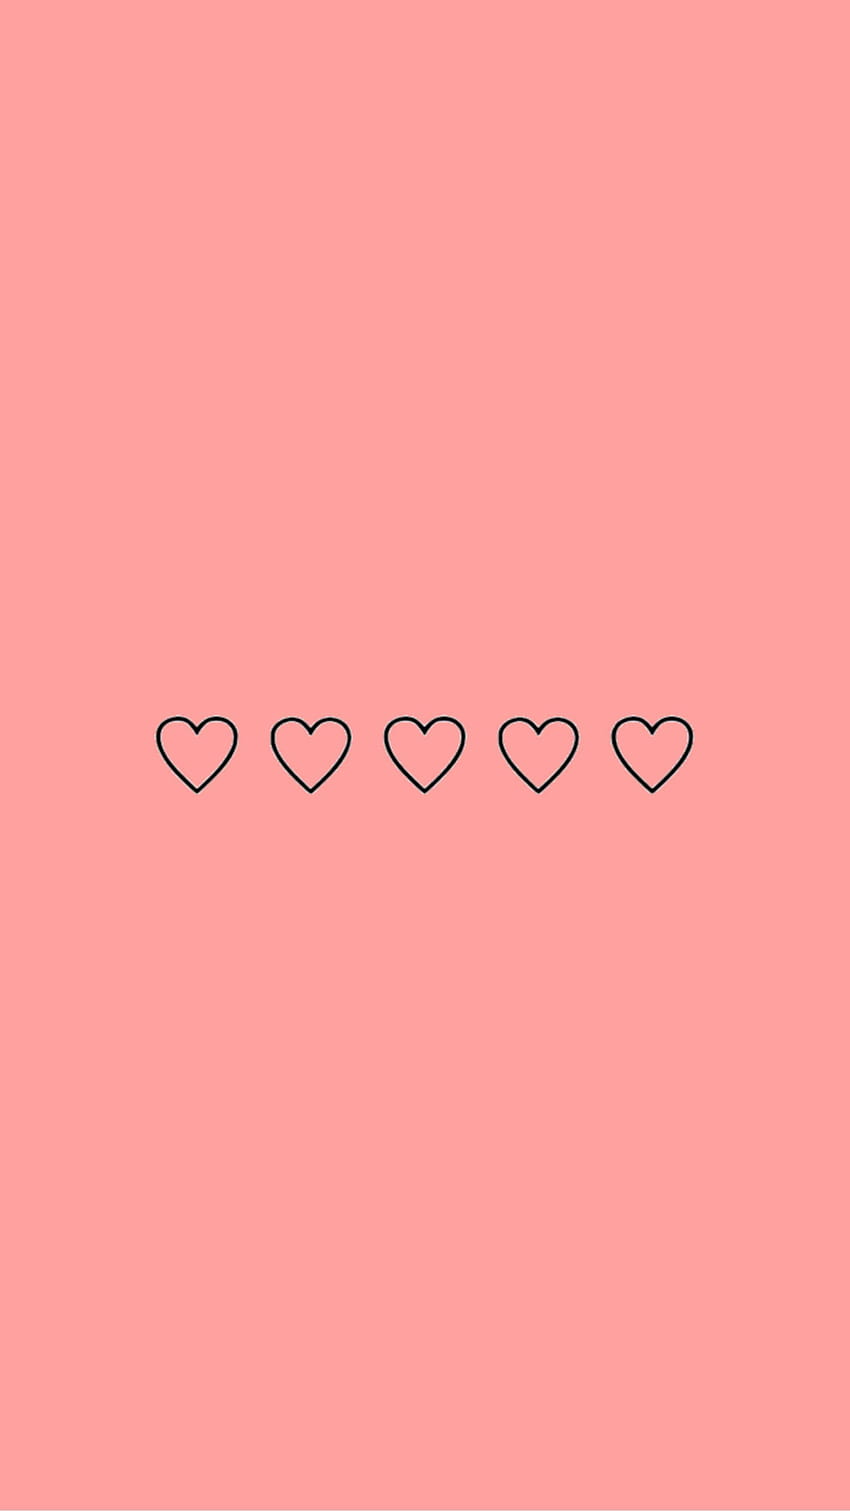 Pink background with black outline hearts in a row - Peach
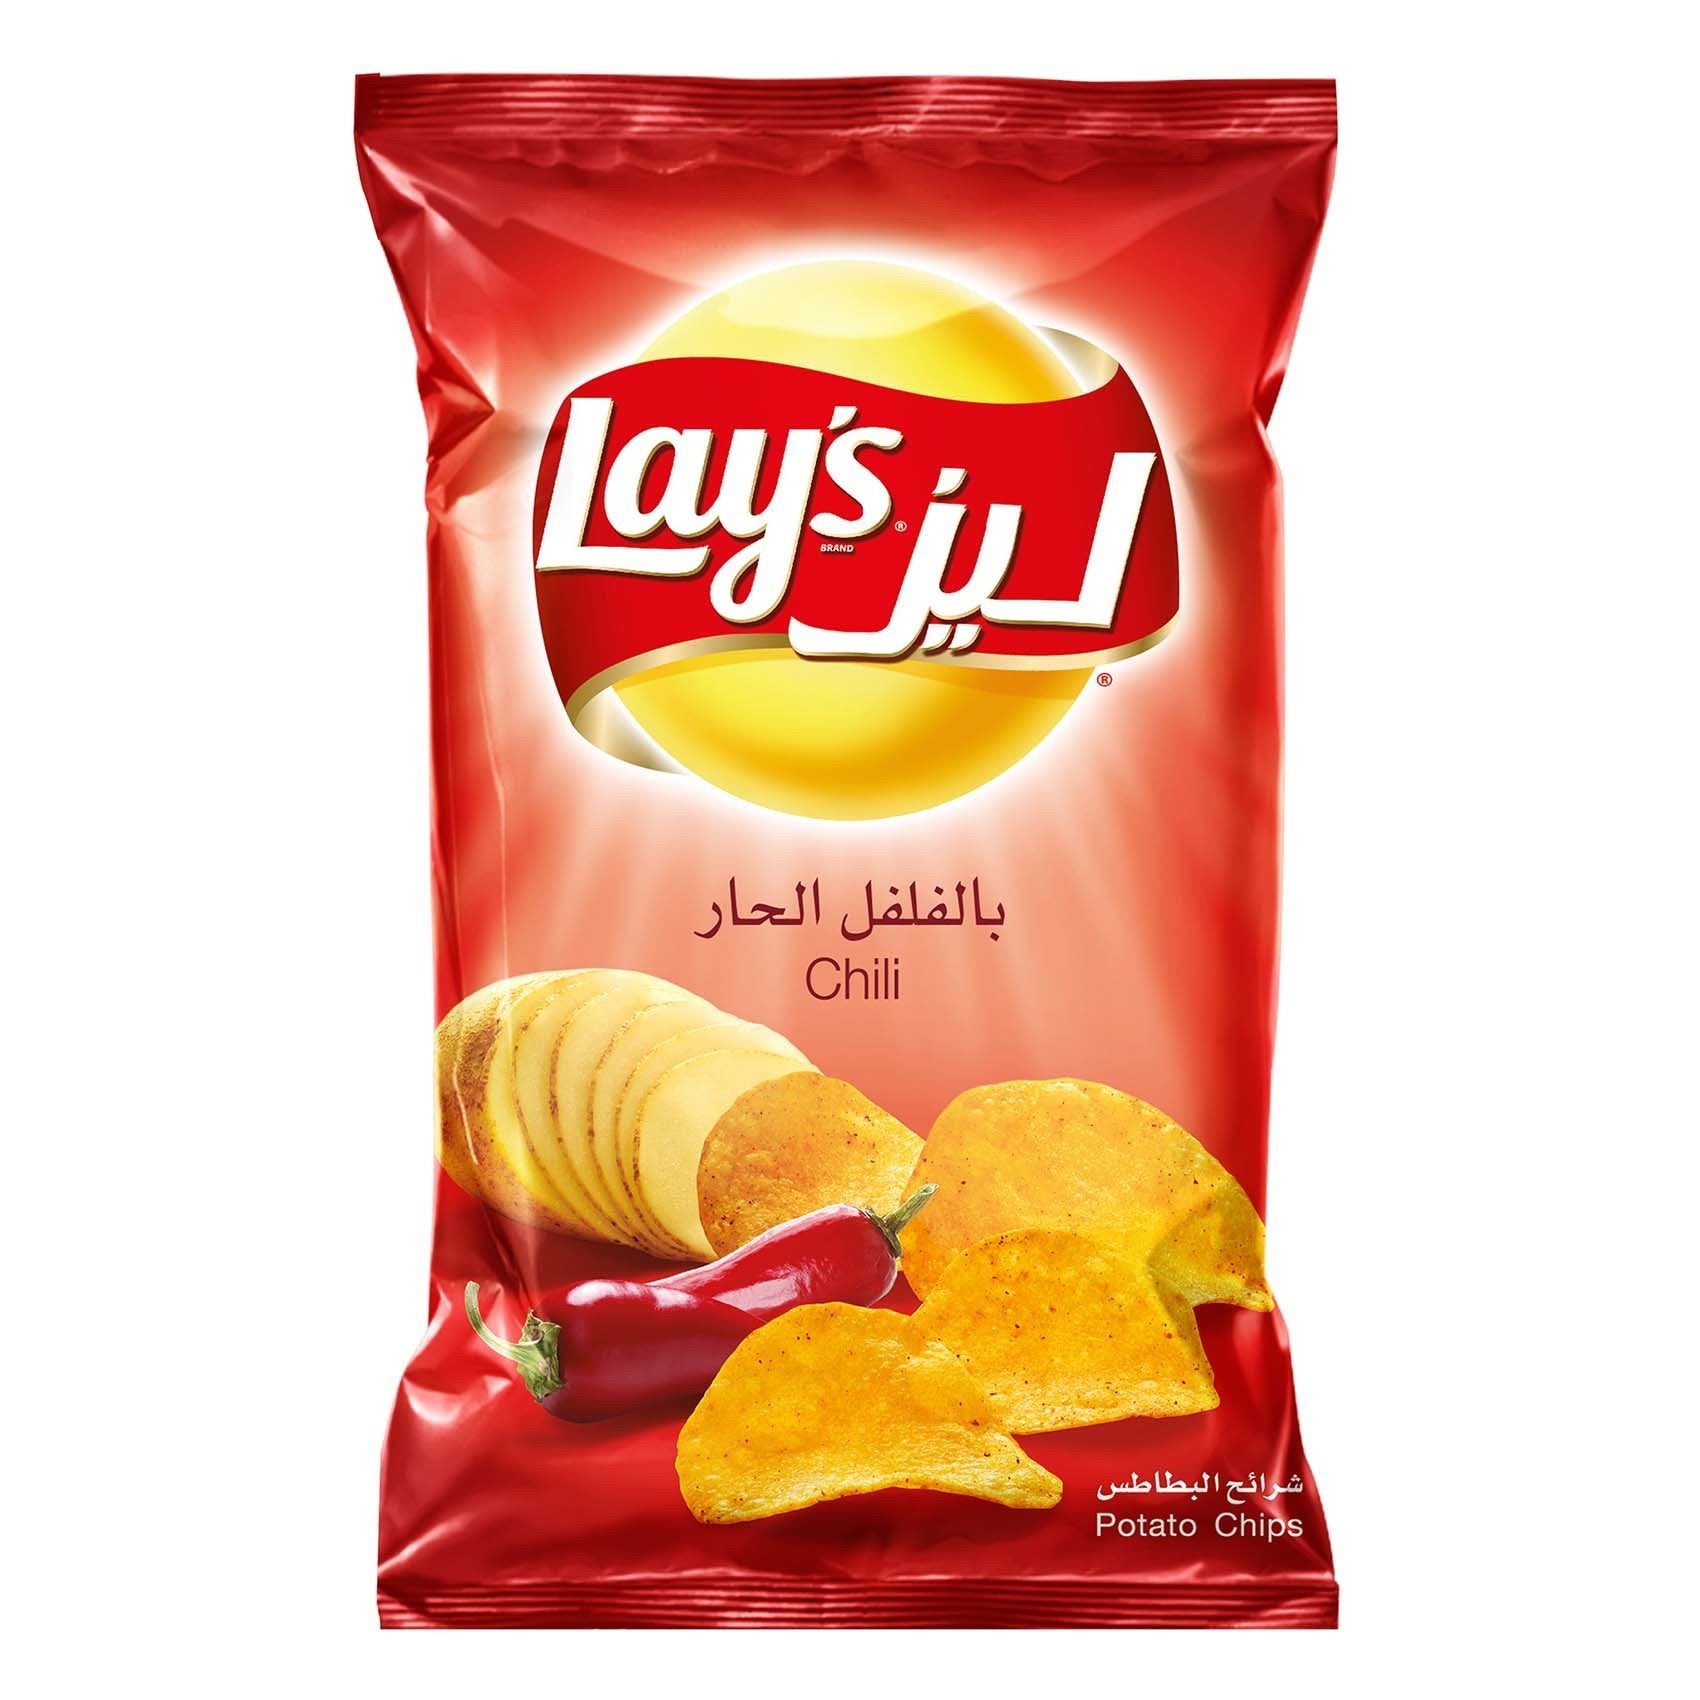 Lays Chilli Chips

--

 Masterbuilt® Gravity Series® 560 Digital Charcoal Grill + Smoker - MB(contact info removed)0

--

● **Your assignment**
All that should be printed is the run of lines above from the one with "Pink background with" through the one with "Lays Chilli Chips", both included, exactly as given, with pictures left out.

● **Answer to this problem**
 Pink background with black outline hearts in a row - Peach
 Lays Chilli Chips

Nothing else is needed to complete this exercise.